JSONL was chosen over zstd/protobuf/OpenTelemetry: it is append-friendly, human-readable, and parses with JSON.parse per line — no dependency, no schema compiler. The explicit v lets replay, budget metadata, and viewer features evolve the shape compatibly.

3. Trace is a plugin, recording is opt-in

Per the lean-core thesis (ADR-007), trace ships as @electron-stagewright/plugin-trace, not core. It records only between trace_start and trace_stop, to an operator-chosen path, and skips its own trace_* calls. Records are buffered in memory (bounded by maxRecords) and written on stop, so the observer stays a cheap array push on the dispatch hot path; a crash before stop loses the buffer (streaming is a forthcoming improvement).

Rationale

A core observer seam is the only way a plugin can see other tools' calls; making it a plugin keeps the lean-core tool surface intact while proving plugins can be session-wide.
Recording all outcomes (including errors) makes a trace a faithful session record.
Token reporting reads _meta.estimated_tokens, already computed per envelope (ADR-006), so the report needs no new measurement.

Alternatives considered

Wrap each tool handler instead of an observer — plugins only add tools; they cannot wrap core tools, and a wrapper would not see validation failures (which fail before the handler).
Stream each record to disk — more crash-durable but blocks the dispatch path or needs an ordered async queue; deferred behind the in-memory buffer + cap.
Binary/OTel artifact — heavier dependency and tooling than the debugging use case needs.

Consequences

ToolContext gains addDispatchObserver; DispatchRecord / DispatchObserver are public.
A trace captures inputs/outputs that may contain sensitive data (typed text, eval payloads). It is opt-in and operator-pathed (same trust model as screenshots/logs); a redact config drops named argument fields. Broader redaction/sandboxing is a forthcoming follow-up.
The initial plugin surface ships trace_start, trace_stop, trace_tokens, trace_status. Replay, budget reporting, and the visual viewer extend that surface compatibly.

ADR-004 (plugin model) — the contract the trace plugin is built on.
ADR-006 (error code registry) — estimated_tokens and the namespaced trace.* error codes.
ADR-008 (server and tool dispatcher) — the dispatch path the observer seam funnels through.

References

packages/core/src/server/dispatcher.ts — observer set, addObserver, the #complete funnel.
packages/core/src/tools/types.ts — DispatchRecord, DispatchObserver, the ctx seam.
packages/plugin-trace/ — the plugin, recorder (JSONL + token summary), and tests.

Status Update (2026-06-04) — the seam becomes bidirectional; `trace_replay`

The original seam made plugins OBSERVE every dispatch. Replay needs the inverse — to RE-DISPATCH recorded calls — so the seam gains an active half:

ToolContext.dispatch(tool, args): Promise<ToolResult> re-dispatches a tool through the same dispatcher (full Zod validation, operation-type routing, session context, observer notification), and ToolContext.validate(tool, args): ErrorResponse | null checks a call against the current schema WITHOUT running the handler.
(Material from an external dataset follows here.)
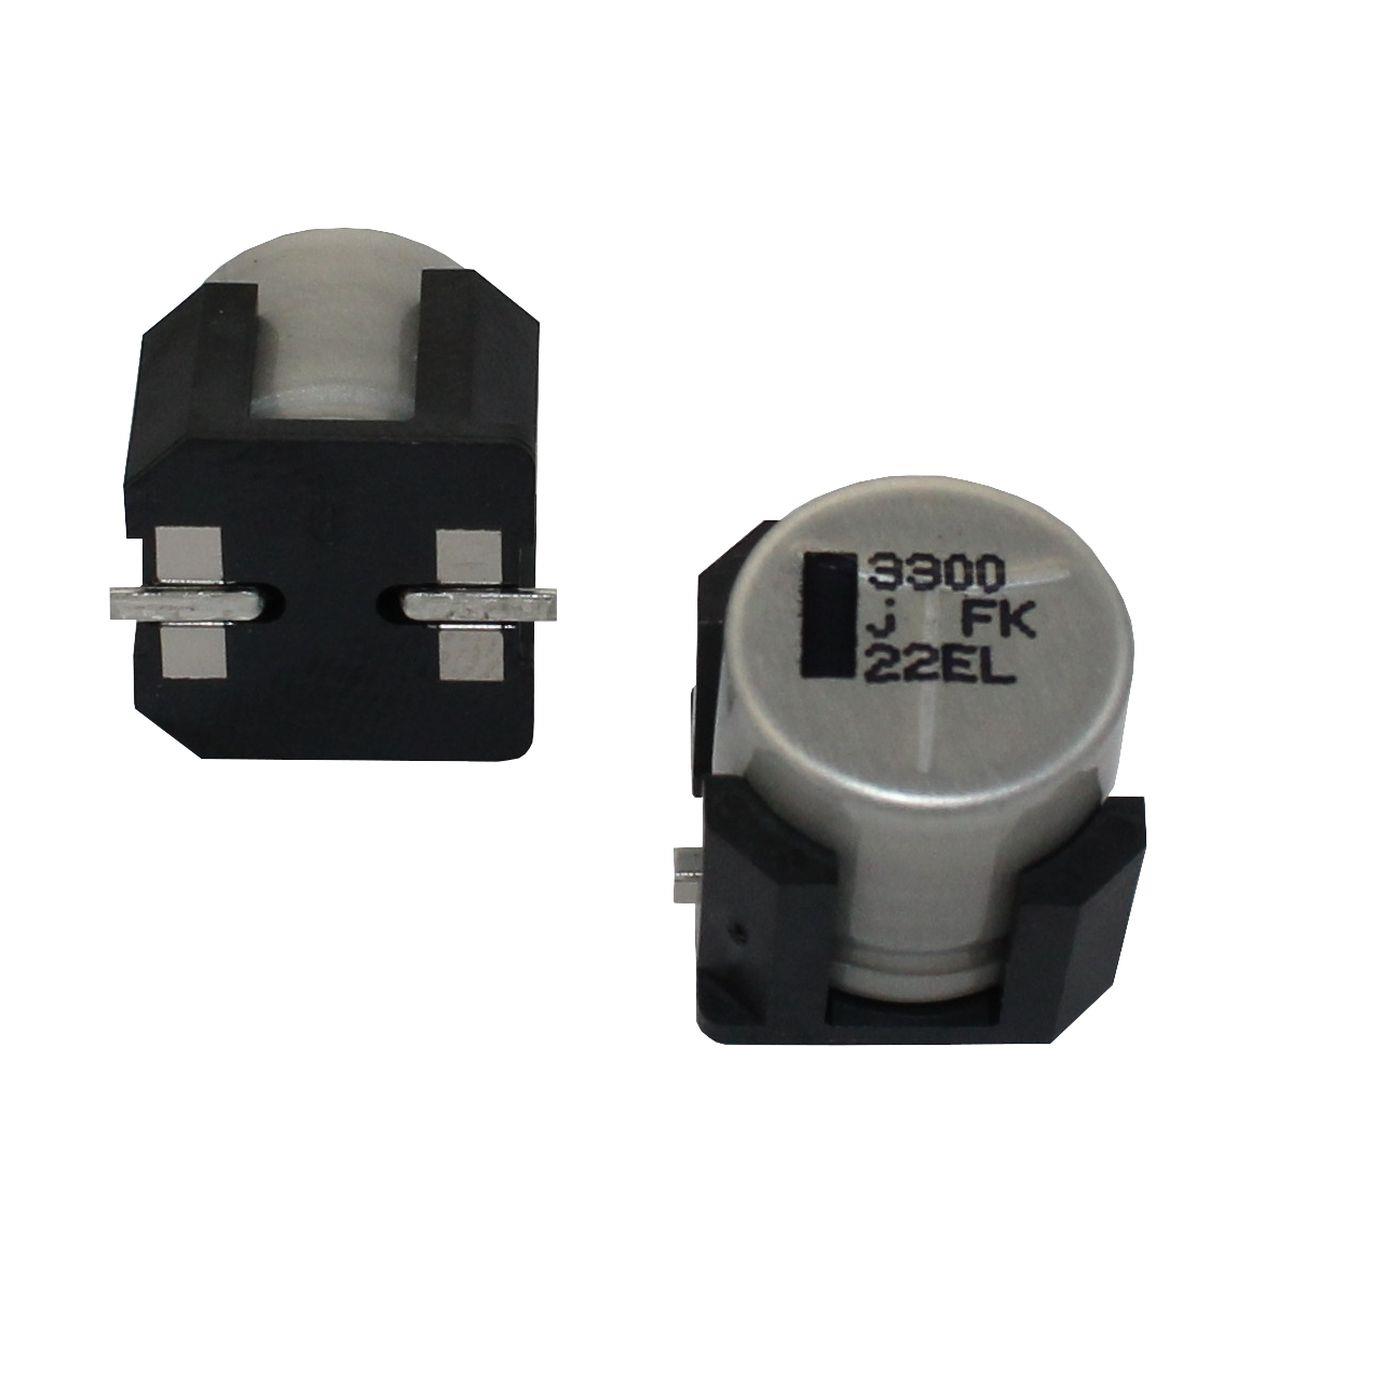 SMD Electrolytic capacitor 3300µF 6,3V 85°C EEVFK0J332V d12,5x14mm 3300uF
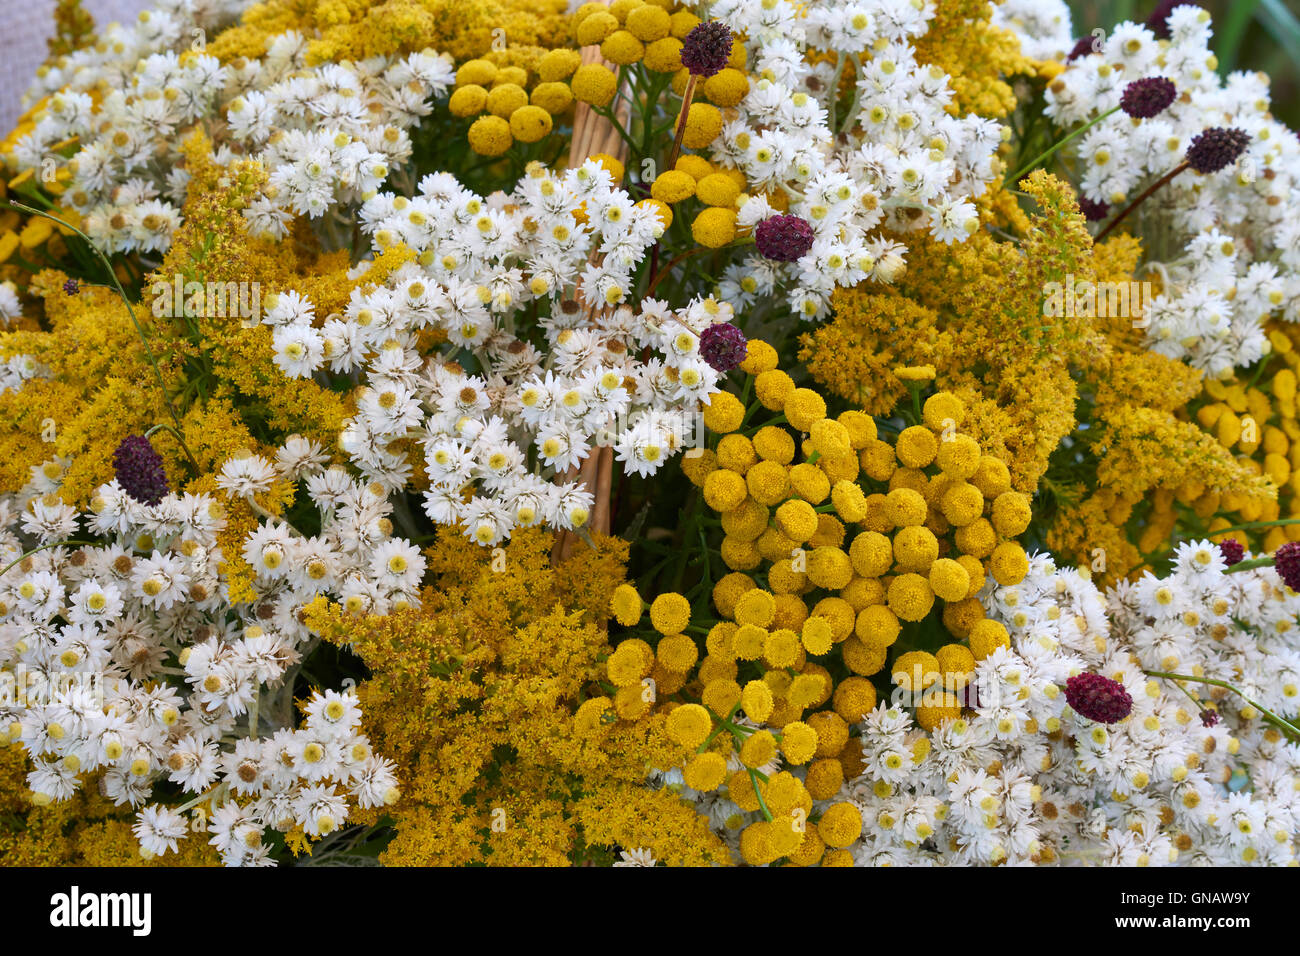 Arrangement de fleurs magnifiques avec de petites fleurs jaunes et blanches Banque D'Images

Both are wired by the dispatcher; the core still does not depend on the plugin.
Bounded recursion. Re-dispatch depth is tracked in an AsyncLocalStorage<number> (per async chain, so concurrent dispatches never share a counter); past MAX_REDISPATCH_DEPTH = 1 a re-dispatch returns BAD_ARGUMENT instead of recursing. A tool may drive other tools (replay at depth 0, its calls at depth 1); a re-dispatched tool may not re-dispatch again.
trace_replay reads an artifact and re-dispatches each call in order. The crux is session-id remapping: the recorded run's session ids are defunct, so the engine keeps a recorded → new map (learned from each result's _meta.session_id) and rewrites each call's sessionId arg before dispatch. Divergence is judged on the STABLE outcome (ok + error code), not the full envelope (payloads vary run-to-run); each diverged call carries a bounded, size-capped field-level diff. dryRun re-validates against current schemas without dispatching (detects a tool whose signature drifted since recording). A trace recorded with redact cannot be faithfully replayed — redacted args diverge — which the tool reports rather than hides.
The "replay a deterministic minimal-app session" acceptance criterion lands here, proven by a gated real-Electron smoke (record launch→snapshot→click→stop, then replay with all matched).
Still forthcoming at this point in the decision history: the visual offline viewer and token-budget enforcement.

New references: packages/plugin-trace/src/replay.ts (engine); ToolContext.dispatch / validate and the REDISPATCH_DEPTH guard in dispatcher.ts.

Status Update (2026-06-04) — token budget + a pre-dispatch guard seam

The trace plugin gains a token budget, and the dispatch seam gains a third capability — a pre-dispatch VETO — alongside observe and re-dispatch:

ToolContext.addDispatchGuard(guard) registers a DispatchGuard that runs for every dispatch BEFORE the handler (after validation + operation-type routing). Returning a ToolResult vetoes the call (handler never runs; the envelope is returned and observers still see it via #complete); returning null allows it. Guards run in registration order, first veto wins, and a throwing guard is caught, logged, and treated as allow (fail-open — a guard bug must never wedge the tool surface). This is the active-enforcement counterpart to the observe-only seam.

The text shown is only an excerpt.